Invertible linear transformation

[yifli]

Homework Statement

State why it is that if V is finite-dimensional, and if S and T in HomV satisfy S\circ T = I, then T is invertible and S=T^-1



2. The attempt at a solution
Isn't this obvious? I don't understand why any elaboration is necessary

 

[micromass]

Hi yifli!

No, this isn't obvious. T invertible means

S\circ T=1~\text{and}~T\circ S=1.

Now you only have that S\circ T=1. Somehow, you need to show T\circ S=1.

(Hint: use determinants)

 

[jbunniii]

You don't need to use determinants (or even matrices), and in fact doing so might introduce circular logic depending on what theorems you use.

Instead, answer this:

S\circ T = I

implies that T is _____ and S is _____

(Fill in the blanks with either injective or surjective as appropriate.)

Then you'll need to use the finite dimensionality of V to draw a conclusion.

 

[yifli]

You don't need to use determinants (or even matrices), and in fact doing so might introduce circular logic depending on what theorems you use.

Instead, answer this:

S\circ T = I

implies that T is _____ and S is _____

(Fill in the blanks with either injective or surjective as appropriate.)

Then you'll need to use the finite dimensionality of V to draw a conclusion.

implies T is injective and S is surjective
since V is finite dimensional, T is an isomorphism,so S = T^-1

 

[yifli]

Hi yifli!

No, this isn't obvious. T invertible means

S\circ T=1~\text{and}~T\circ S=1.

Now you only have that S\circ T=1. Somehow, you need to show T\circ S=1.

(Hint: use determinants)

Can you give me an example that shows T is not invertible if only ST=I is given?

thanks

 

[jbunniii]

Can you give me an example that shows T is not invertible if only ST=I is given?

thanks

It has to be an infinite-dimensional example, as you just showed.

Let V be the vector space consisting of infinite sequences of the form

(a_1, a_2, a_3, \ldots)

where the a_i are real numbers. (Or complex. It doesn't matter.)

Addition and scalar multiplication are defined pointwise in the obvious way.

Let T be the operator that shifts the sequence right by one step:

T(a_1, a_2, a_3, \ldots) = (0, a_1, a_2, \ldots)

And let S be the operator that shifts the sequence left by one step:

S(a_1, a_2, a_3, \ldots) = (a_2, a_3, a_4, \ldots)

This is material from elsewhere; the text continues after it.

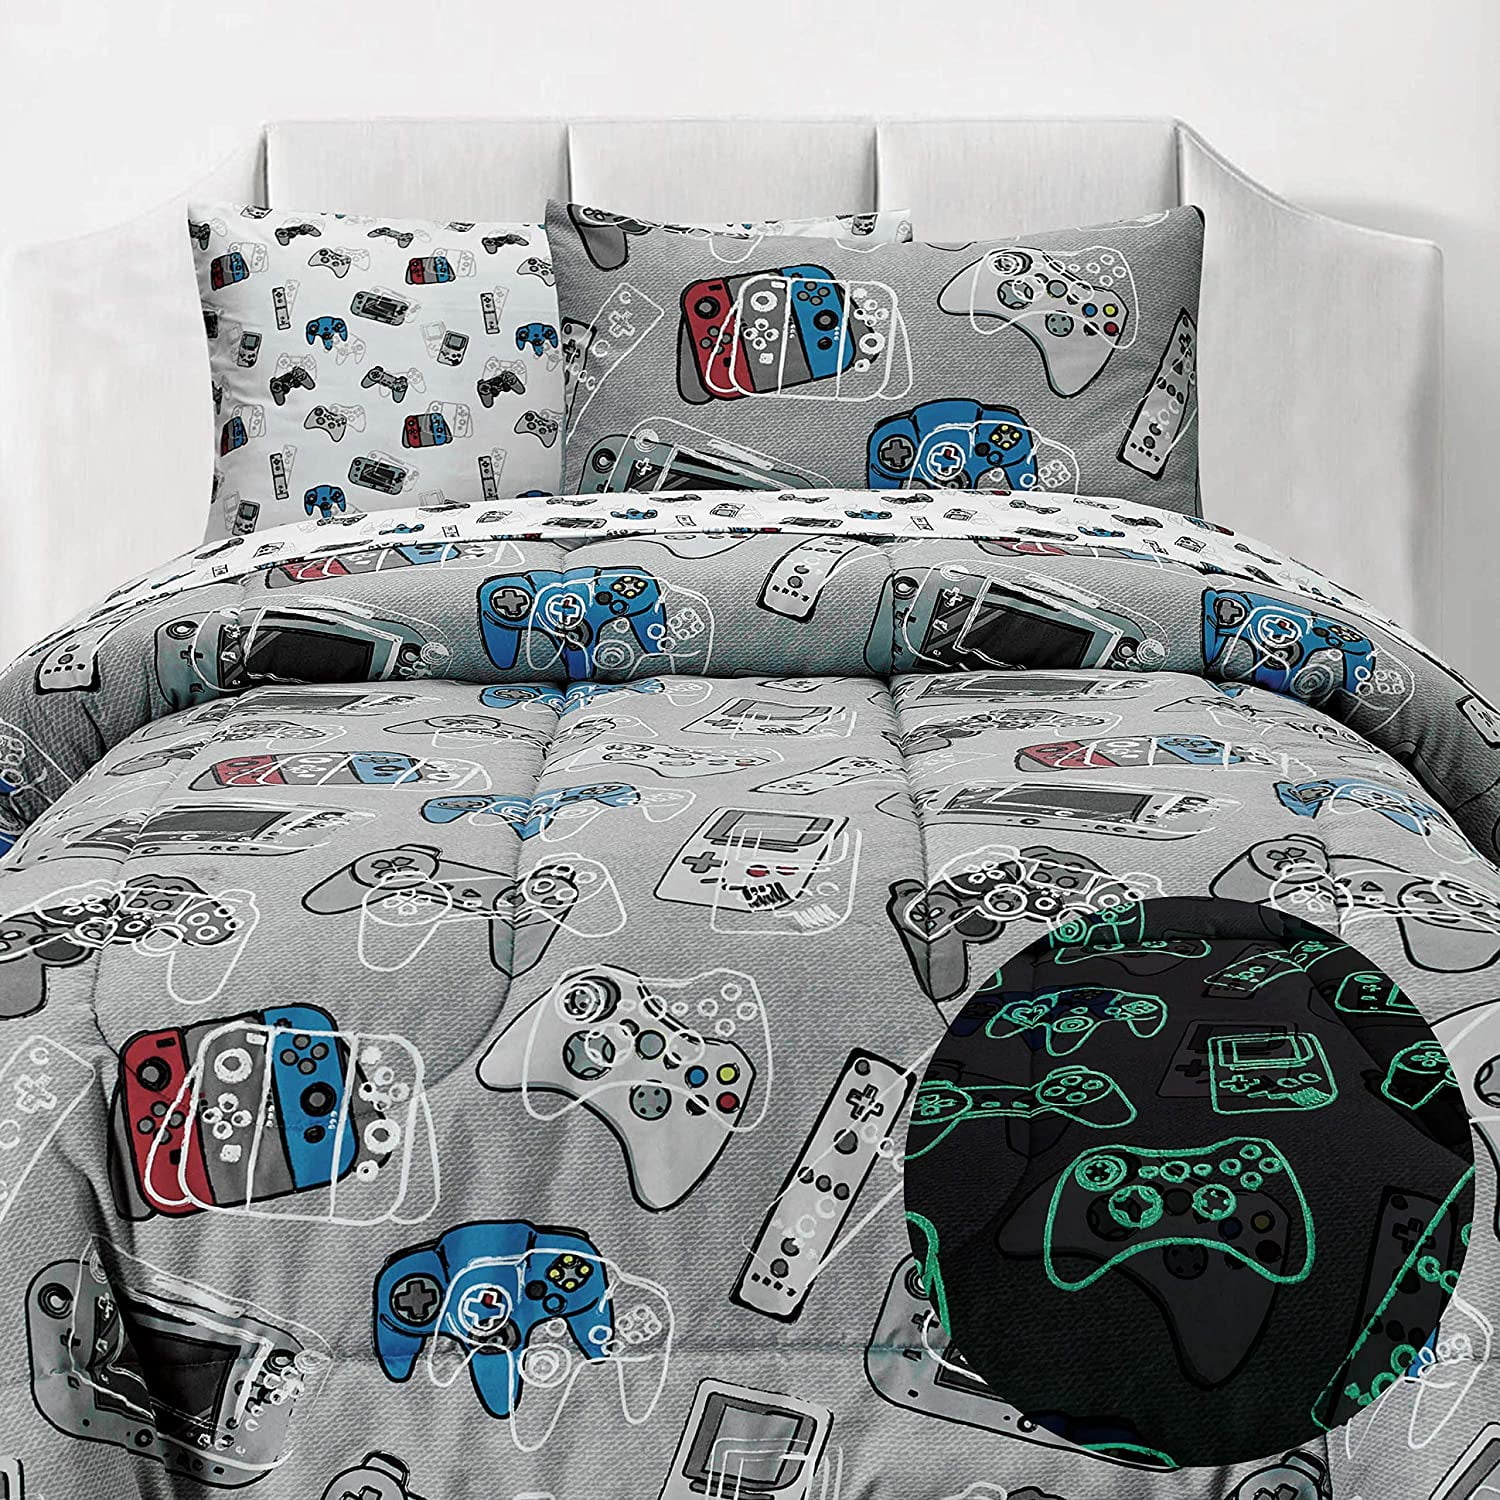  Comforter Set King Size, Gaming Gamer Retro Cute Soft

You can verify that these are linear operators, and that

S \circ T = I

but

T \circ S \neq I

T can be "undone" but S cannot.

 

[micromass]

Can you give me an example that shows T is not invertible if only ST=I is given?

thanks

With other things than vector spaces you mean?
Well, take T:{1}-> {1,2} with T(1)=1 and take S:{1,2}->{1} with S(1)=1 and S(2)=1.